I am trying to use CMake for compiling CUDA based application on Windows (Visual Studio 2005). Here is an example stripped down CMake file:
cmake_minimum_required (VERSION 2.6)
project (HELLO)
#Support for CUDA Integration
FIND_PACKAGE(CUDA)
if(CUDA_FOUND)
SET(CUDA_NVCC_FLAGS "-arch;sm_13")
CUDA_ADD_EXECUTABLE(Hello hello.cu)
else(CUDA_FOUND)
message("CUDA is not installed on this system.")
endif()
There are a few issues I wish to understand with this.
When I open the solution file (Hello.sln), I don't see any custom build rule setup for the project (Right click on Project -> Custom build rules)
I do see a "Hello_generated_hello.cu.obj" added to my project in Visual Studio. What is this file and why is it added to the project?
By default CUDA Runtime API section doesn't come in Project properties.
If I enable an appropriate custom build rule (NvCudaRuntimeApi.rules), I can now see CUDA runtime API section. If I now go to GPU subsection, I see the GPU architecture still set to be sm_10.
Even if I use CUDA_INCLUDE_DIRECTORIES() Macro to add some directories for CUDA compilation, I won't see these settings in Project Properties -> CUDA Runtime API -> General -> Additional Include Directories.

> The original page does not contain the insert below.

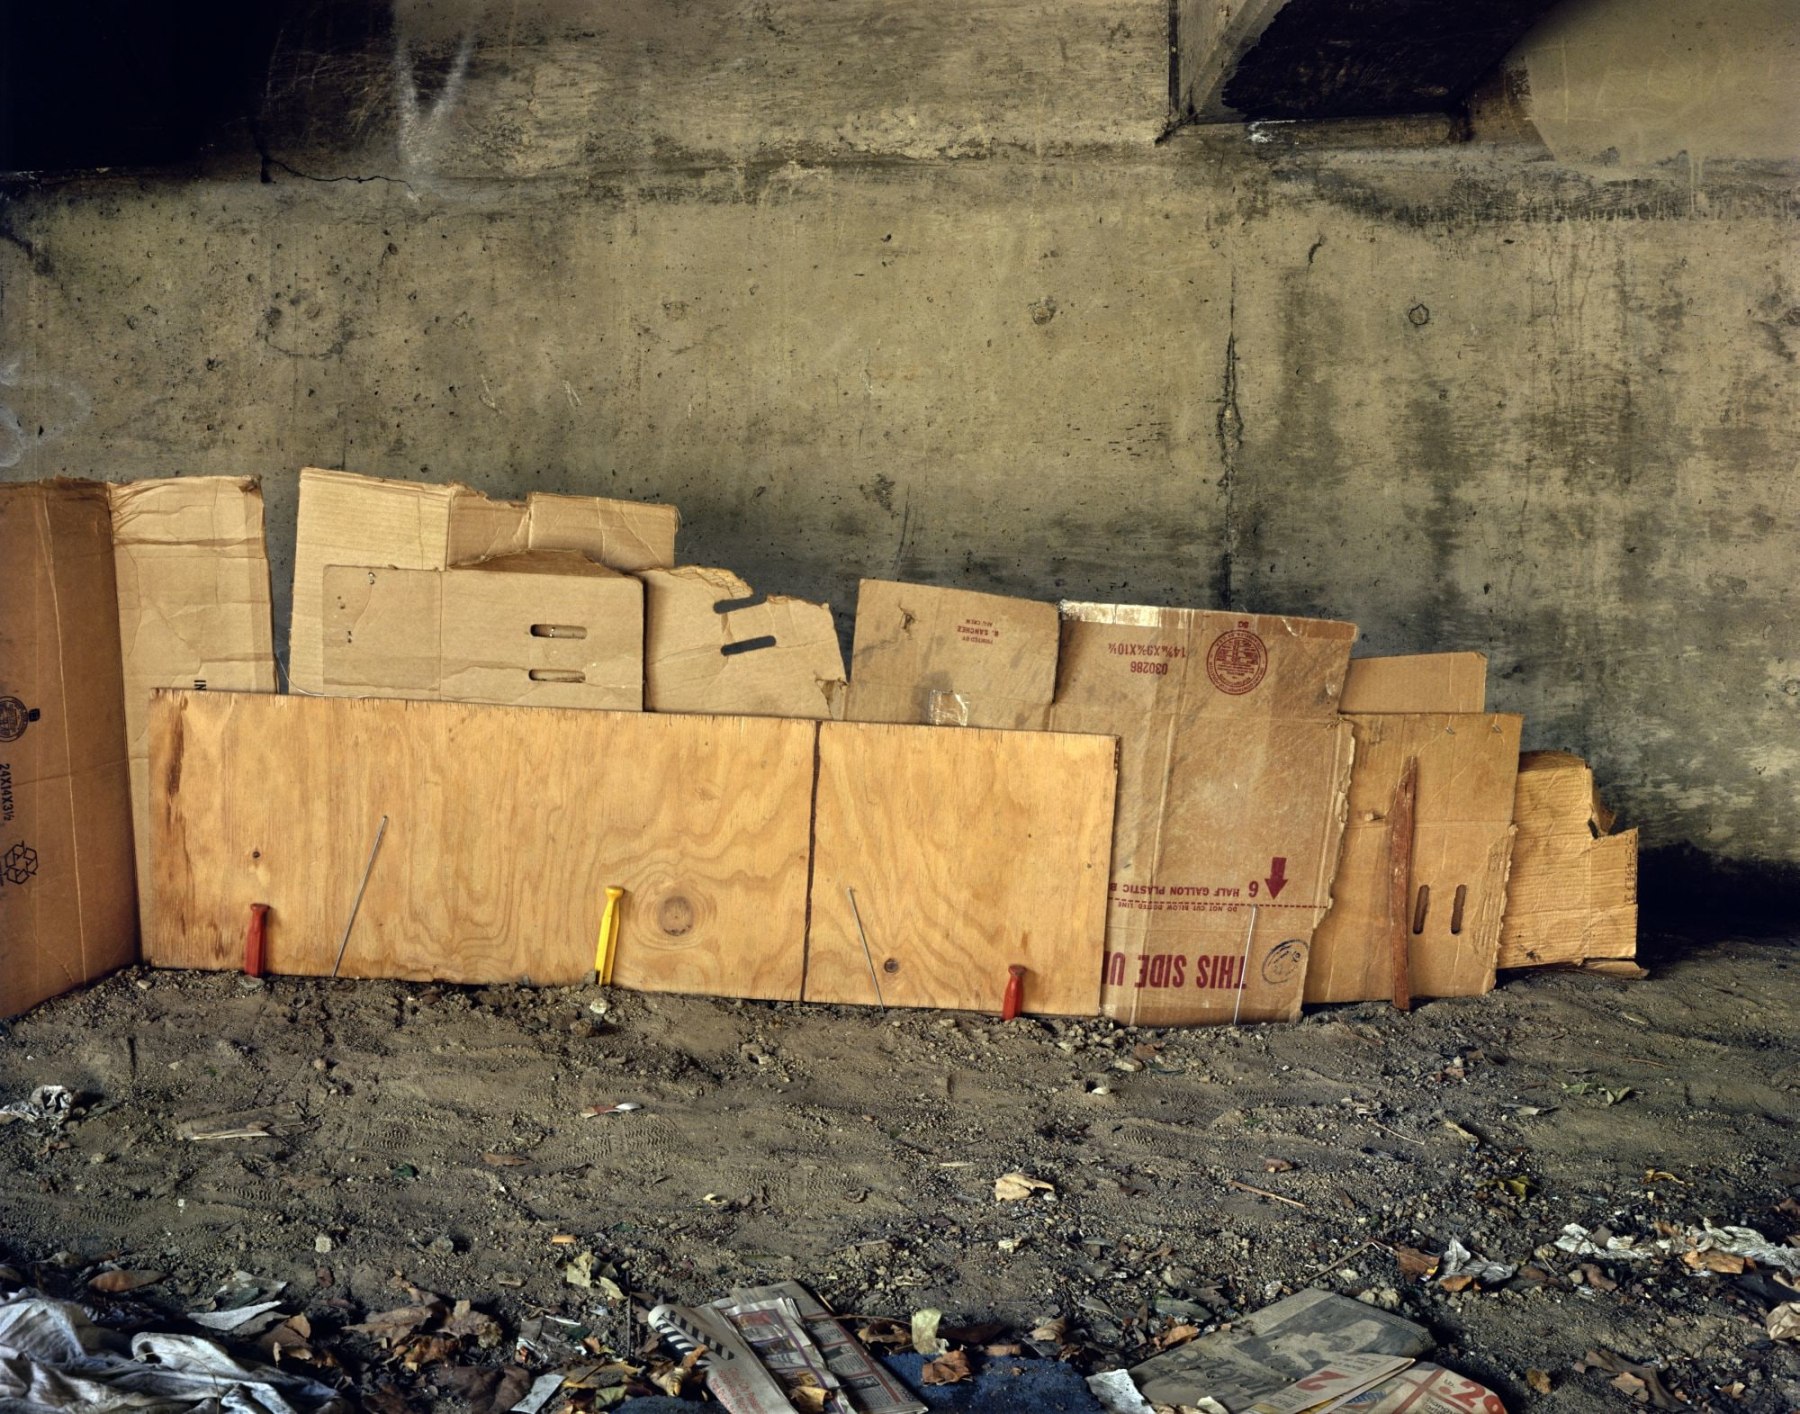 Landscapes for the Homeless #15, 1989, 40 x 50 inches, archival pigment print&nbsp;

I wish to know if FindCUDA() package is very able to properly configure VS 2005 project for CUDA based compilation. May be I need to specify additional options to properly configure the project. I would certainly wish to know that. I wish to make sure that whatever options I have specified through CMakeLists file, I should be able to review them easily in my generated VS 2005 project.
What is appropriate way to configure this?
CMake does not support custom build rules (like the CUDA runtime API .rules file), and therefore you cannot edit the CUDA property sheets that the .rules files provide if you use CMake to configure your project. However you can set any CUDA settings directly in the CMakeLists.txt that generates the project, and rebuilding your project will detect these changes and regenerate and reload the project files automatically.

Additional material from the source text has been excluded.